***** Entries supplied *****
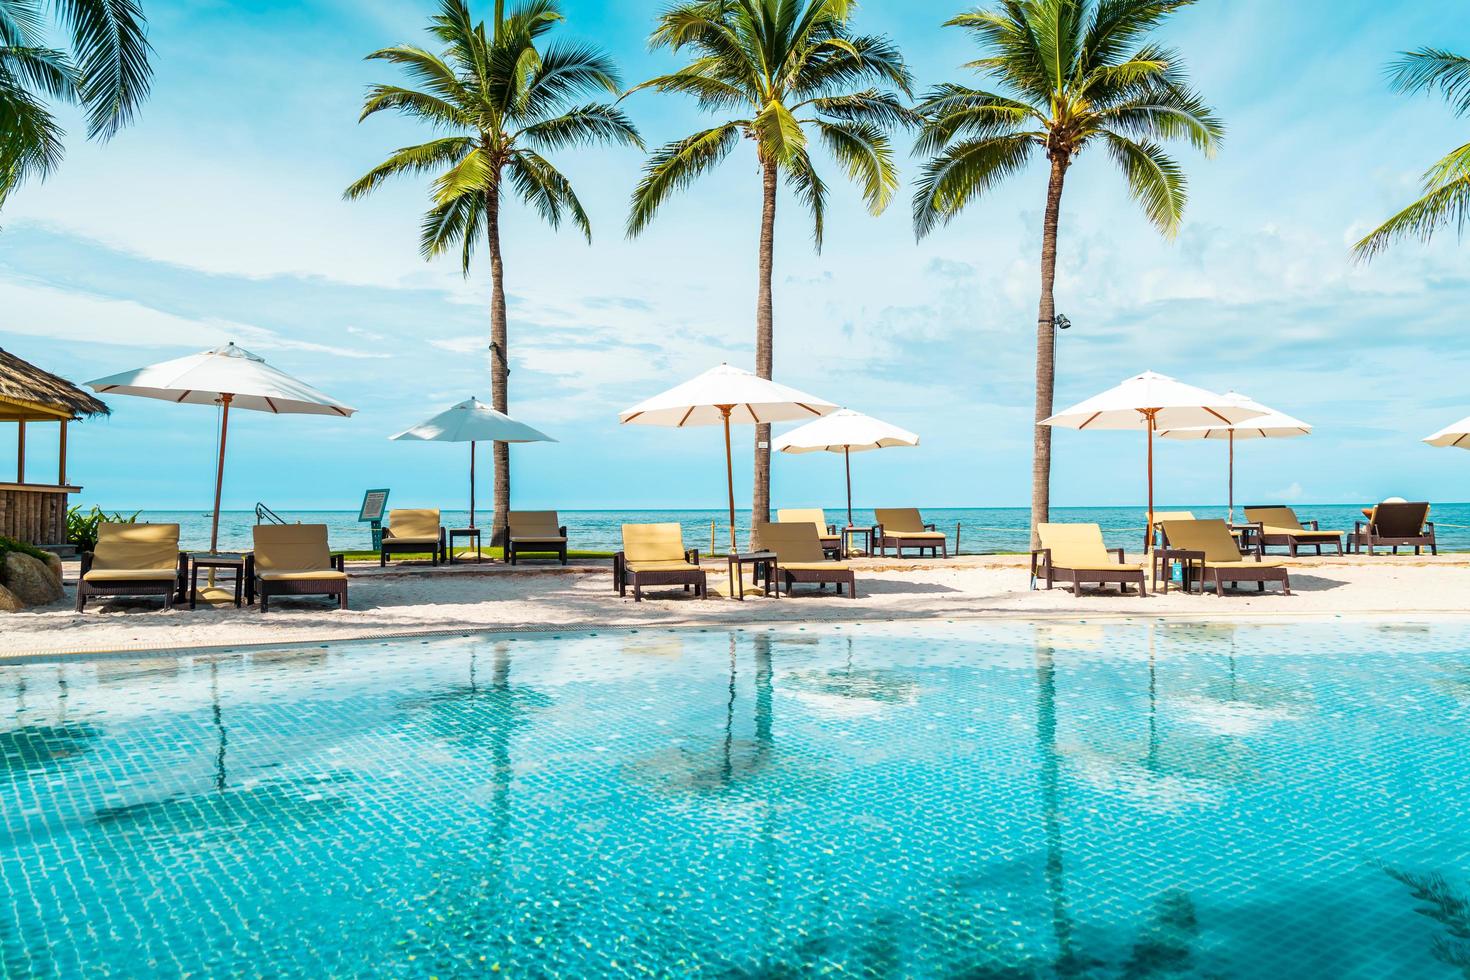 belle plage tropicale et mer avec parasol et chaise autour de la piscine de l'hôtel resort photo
*****
***** Entries supplied *****
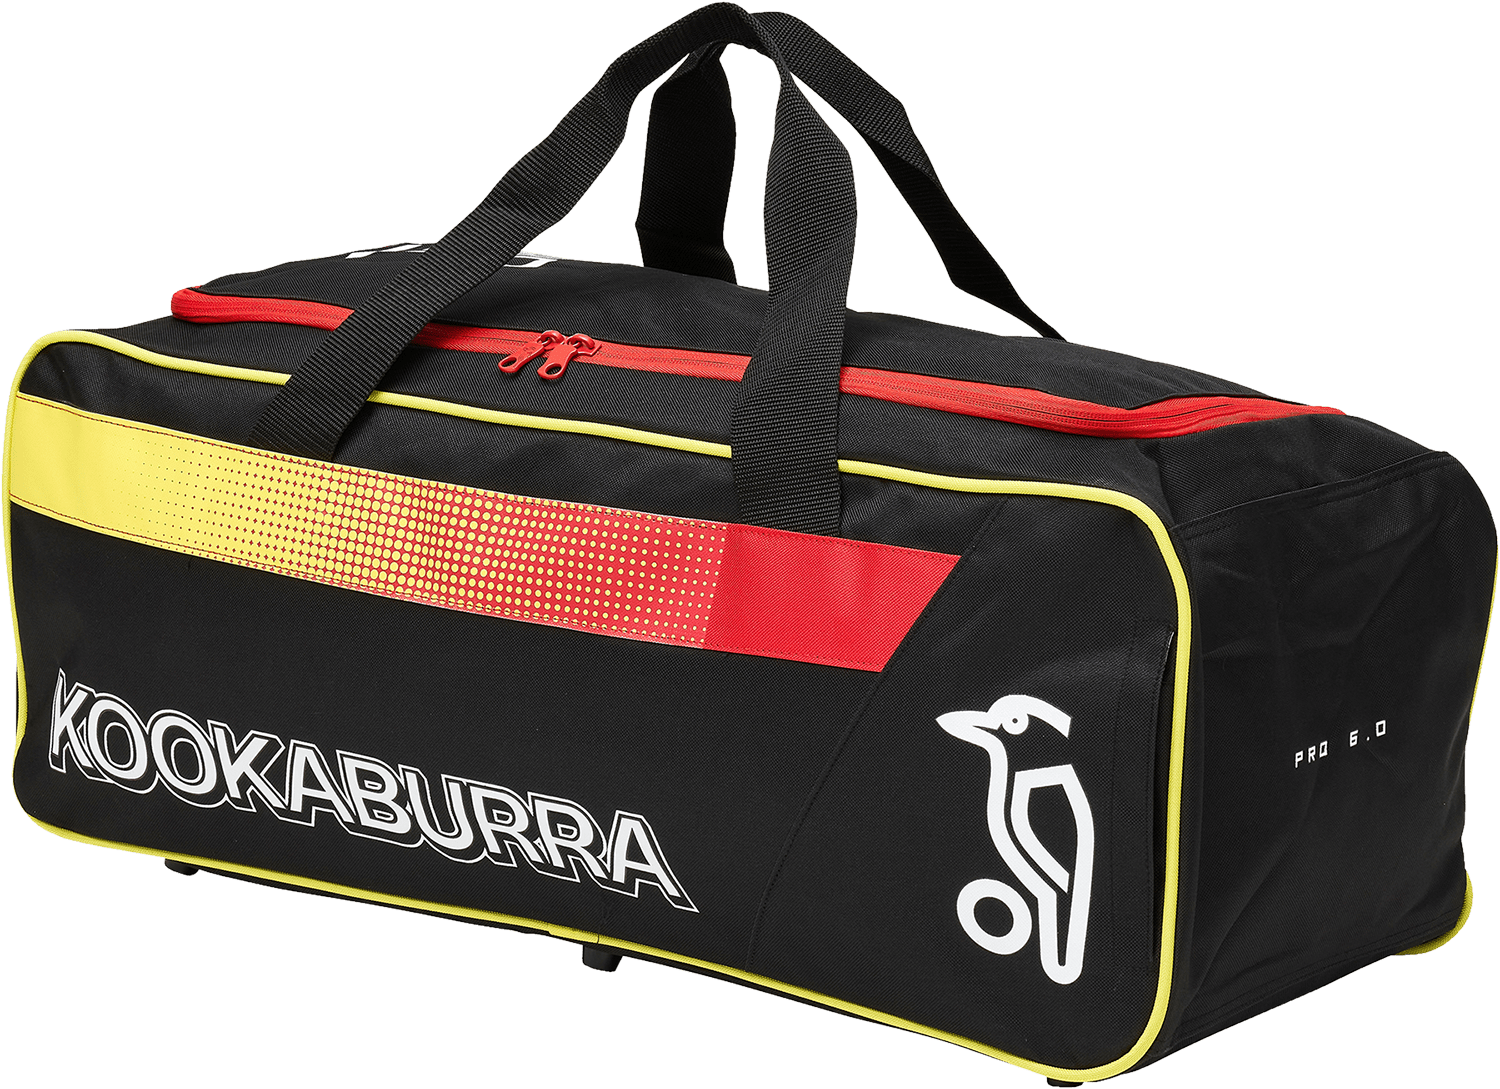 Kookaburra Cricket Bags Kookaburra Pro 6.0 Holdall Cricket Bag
*****
***** Entries supplied *****
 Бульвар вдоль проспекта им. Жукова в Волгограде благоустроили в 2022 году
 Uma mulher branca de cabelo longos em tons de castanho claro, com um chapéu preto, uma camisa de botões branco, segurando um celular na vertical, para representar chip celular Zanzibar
*****
Task
In the listing above, transcribe exactly everything from the line containing "Бульвар вдоль проспекта им." down to the line containing "Uma mulher branca", including both and nothing more.

Task result
 Бульвар вдоль проспекта им. Жукова в Волгограде благоустроили в 2022 году
 Uma mulher branca de cabelo longos em tons de castanho claro, com um chapéu preto, uma camisa de botões branco, segurando um celular na vertical, para representar chip celular Zanzibar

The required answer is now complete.